The TNFSF13B gene encodes B cell-activating factor (BAFF), a critical cytokine for B cell survival and maturation, primarily expressed by monocytes, macrophages, dendritic cells, and T cells ^[1]. BAFF, a member of the tumour necrosis factor (TNF) superfamily, functions through binding to receptors on B cells, including BAFF-R, TACI, and BCMA. Activation of these receptors initiates the NF-κB and MAPK signaling cascades, leading to B cell survival, proliferation, and immunoglobulin production ^[1-2]. This cytokine is essential for humoral immunity and the development of lymphoid tissues ^[1]. Aberrant BAFF expression and signaling are implicated in the pathogenesis of autoimmune diseases, such as systemic lupus erythematosus (SLE) and rheumatoid arthritis. BAFF overexpression can drive B cell hyperactivity and the production of autoantibodies, contributing to these conditions ^[2-3]. Clinically, monoclonal antibodies targeting BAFF, such as belimumab, are employed in the treatment of SLE ^[4]. In the tumor microenvironment, BAFF exhibits a complex role, supporting B cell lymphomas and influencing the immune response to solid tumours, exhibiting context-dependent pro- and anti-tumourigenic effects ^[5]. This multifaceted role highlights BAFF as a key therapeutic target in autoimmune diseases and specific B cell malignancies ^[1-5].

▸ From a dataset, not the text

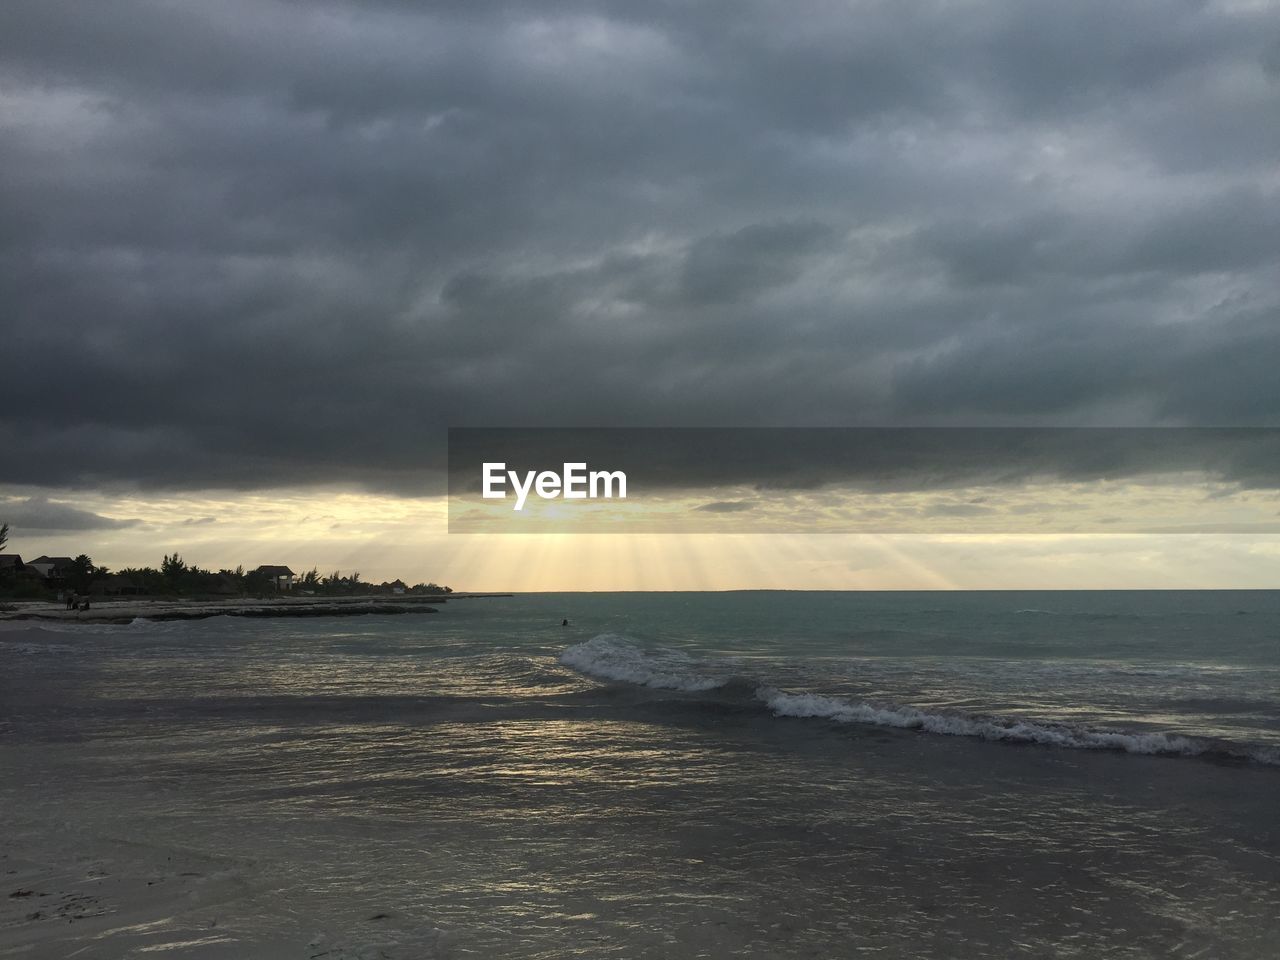 SCENIC VIEW OF SEA AGAINST CLOUDY SKY

The B6-hBAFF(TNFSF13B) mouse is a humanized model generated using gene editing technology, in which the protein-coding sequence (CDS) encoding the extracellular domain of the human TNFSF13B protein is integrated into a specific site within the mouse Tnfsf13b gene, while retaining the endogenous gene sequence encoding the mouse cytoplasmic and transmembrane domains. Homozygous B6-hBAFF(TNFSF13B) mice are viable and fertile. This model can be used to study the pathological mechanisms and therapeutic approaches of autoimmune diseases and specific B cell malignancies, as well as for the development of BAFF-targeted drugs.